Task objective
For this task, copy all of the data below exactly and skip the pictures.

Supplied data
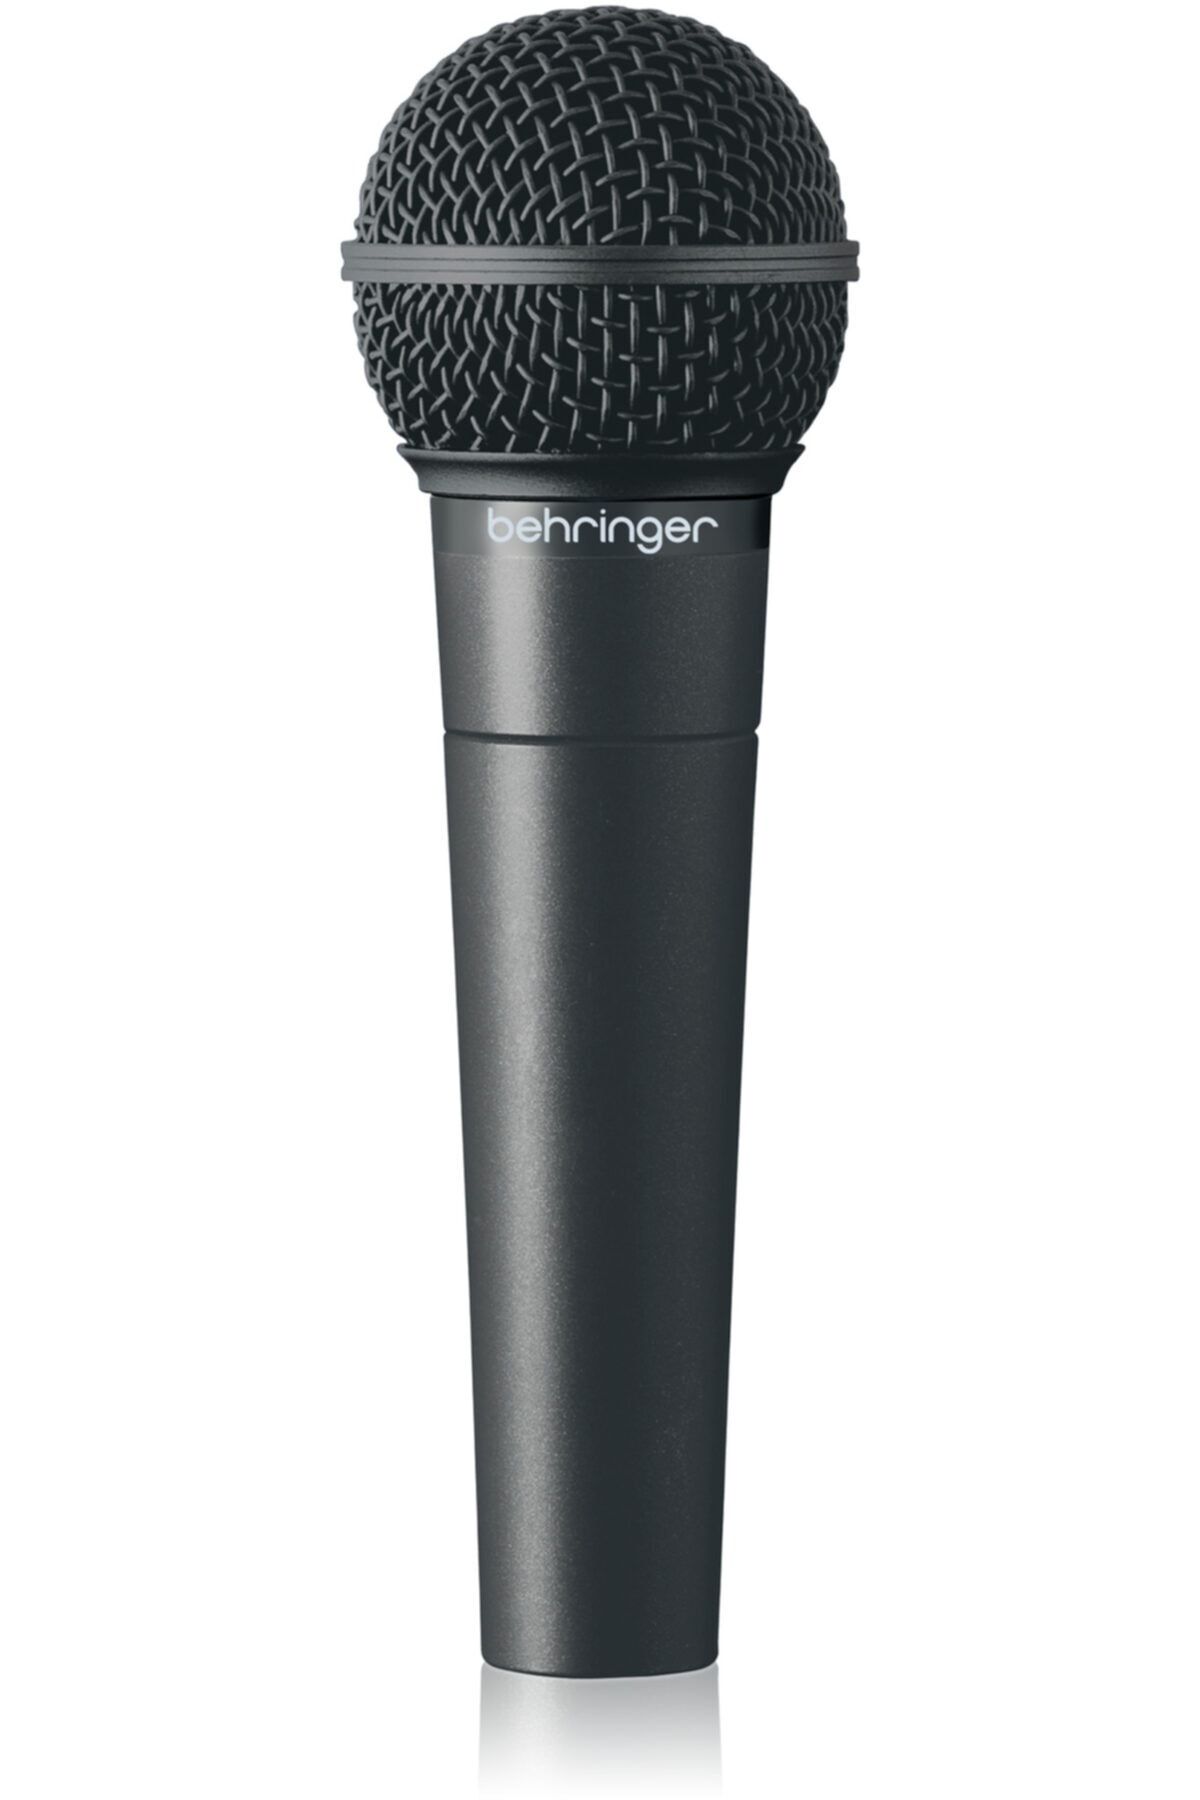 Behringer Xm8500 Dinamik Kardiyoid Vokal Mikrofon
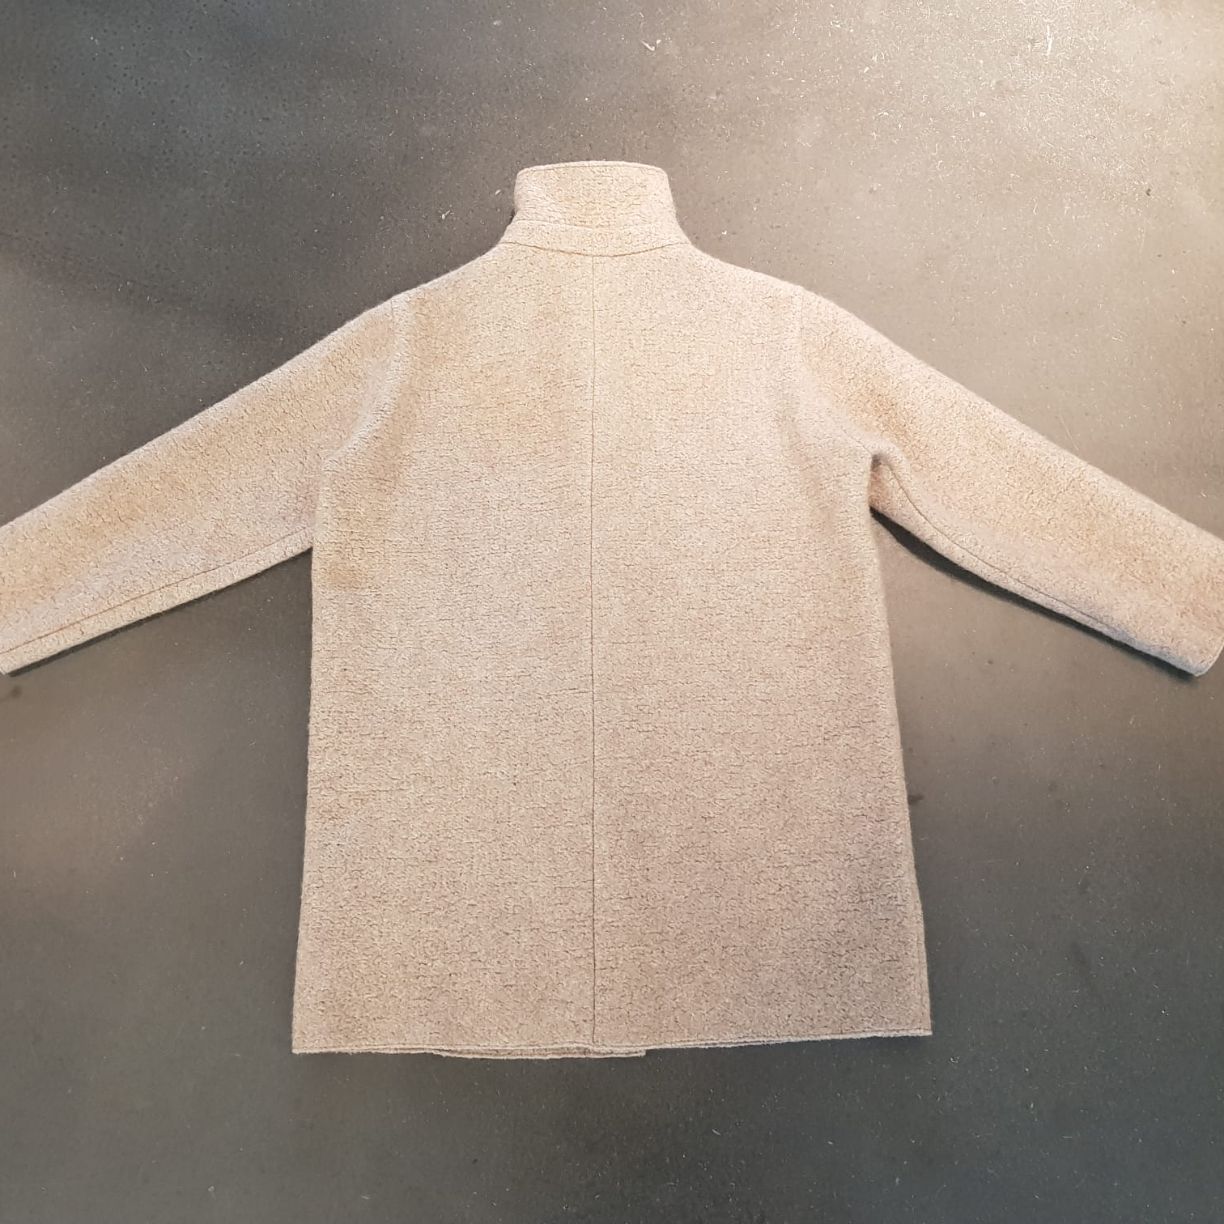 DONNA Les Boutiques - Coat special sheepskin like knit 12pl cashmere
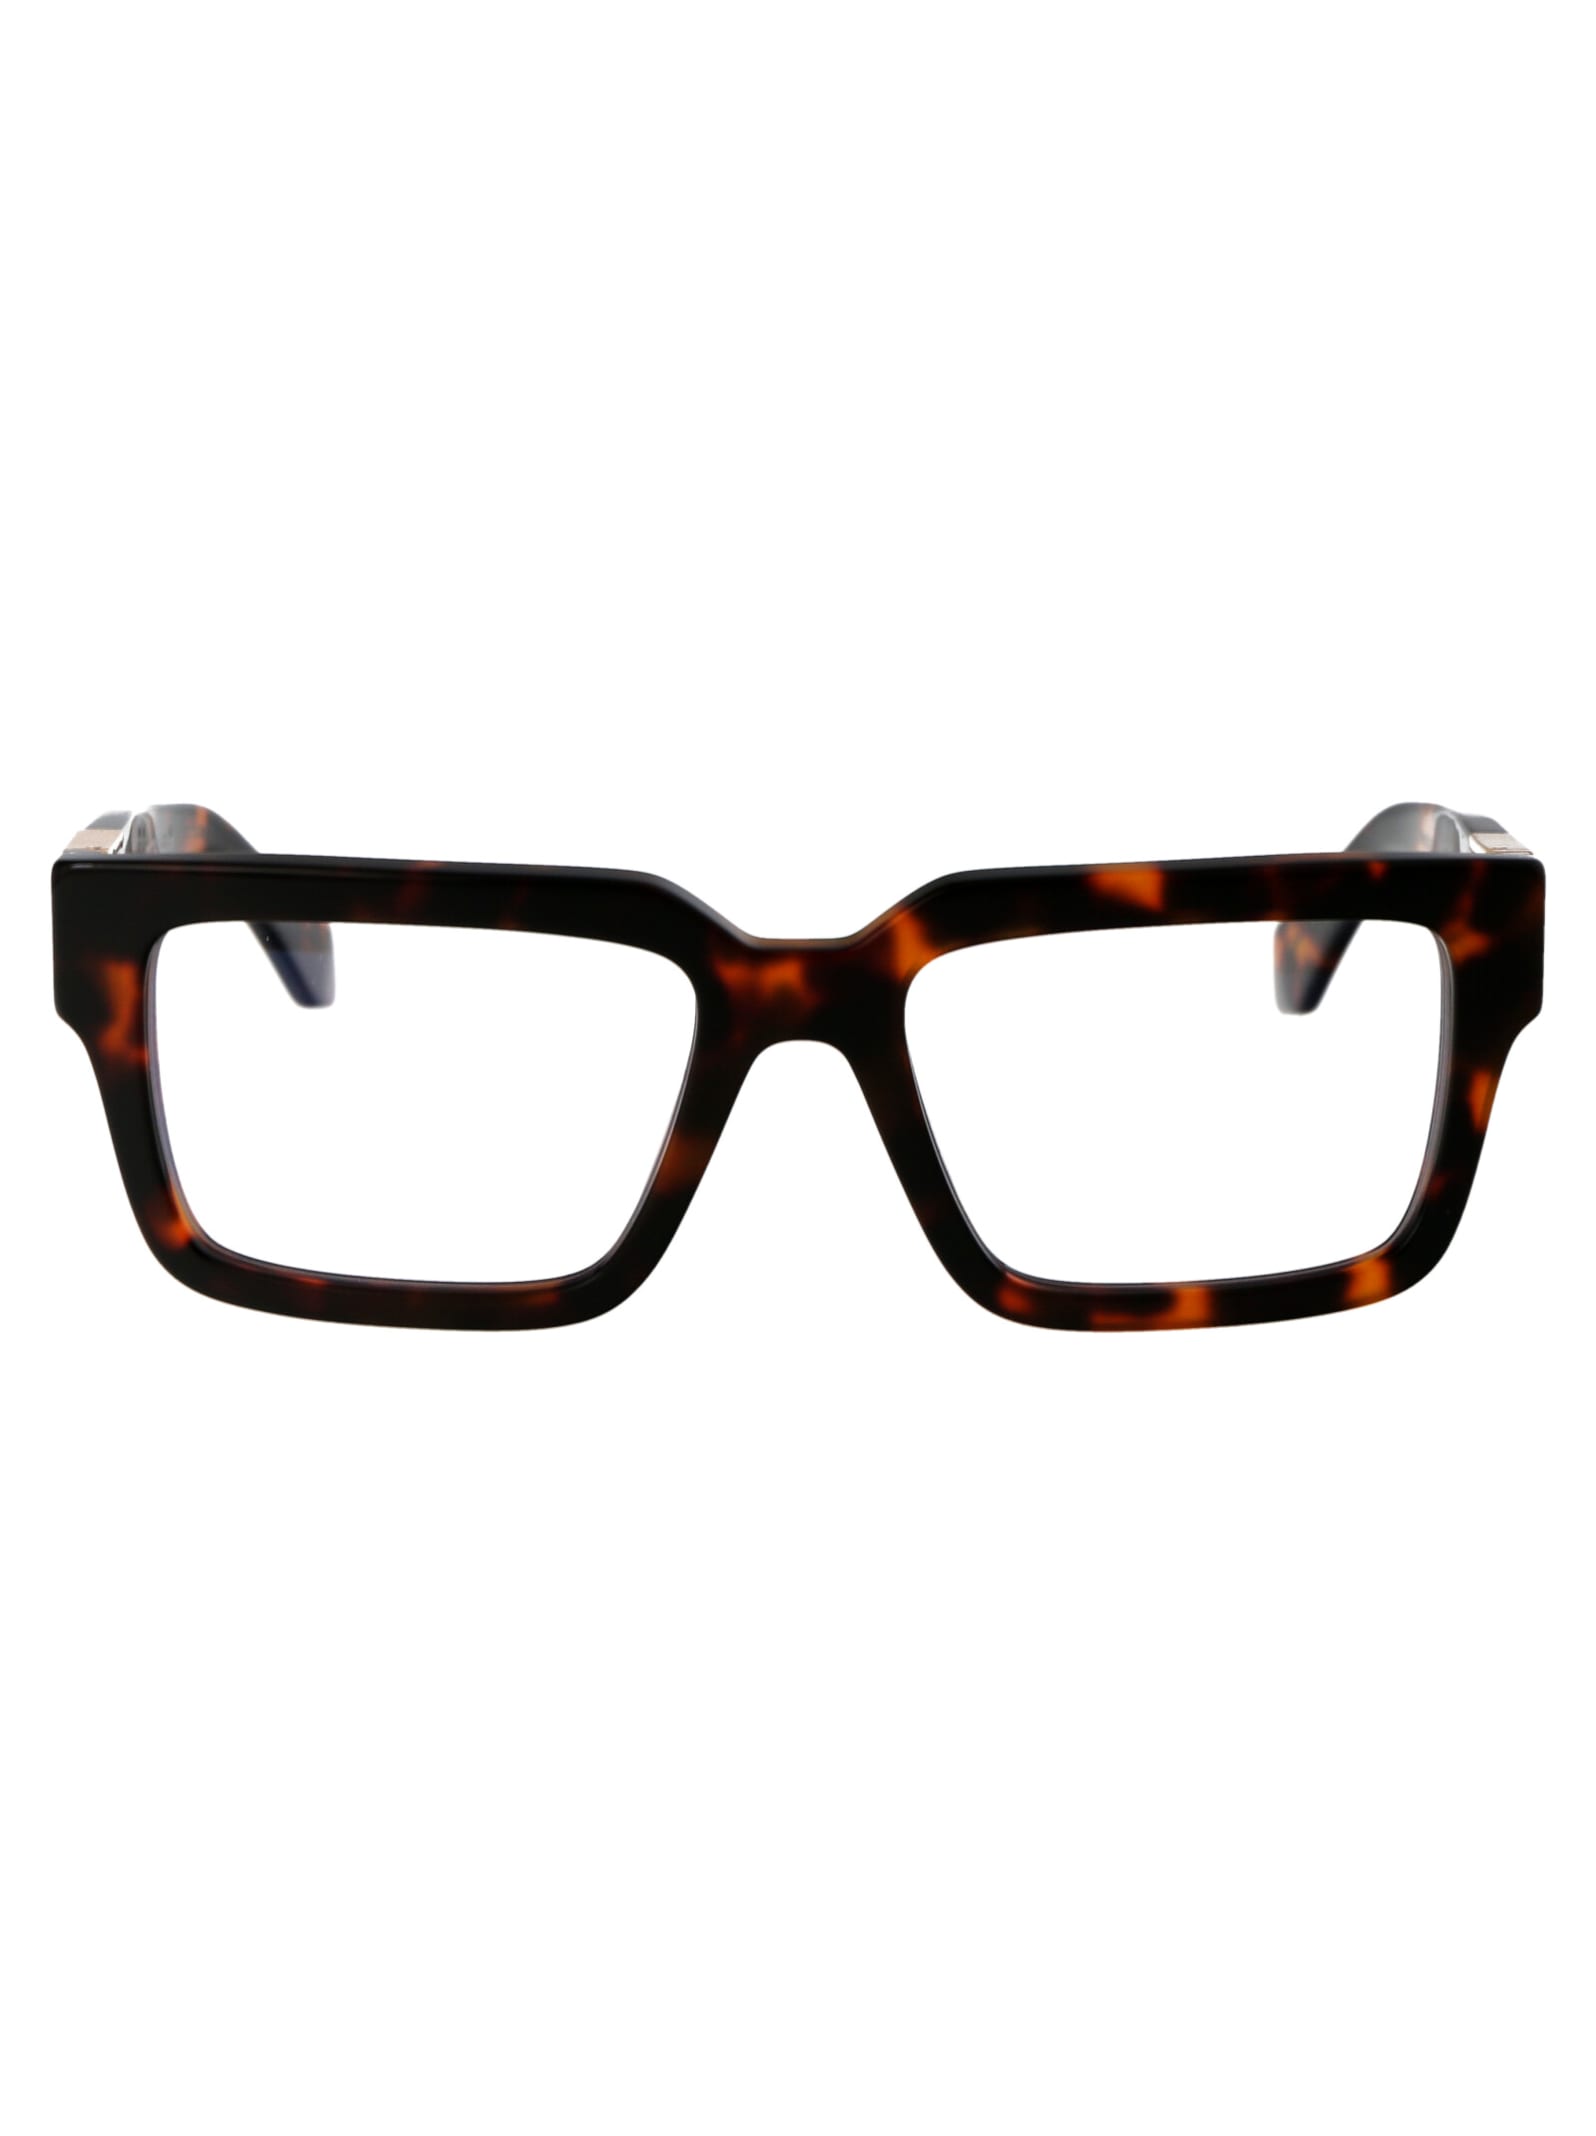 Optical Style 15 Glasses

Reply
 Behringer Xm8500 Dinamik Kardiyoid Vokal Mikrofon
 DONNA Les Boutiques - Coat special sheepskin like knit 12pl cashmere
 Optical Style 15 Glasses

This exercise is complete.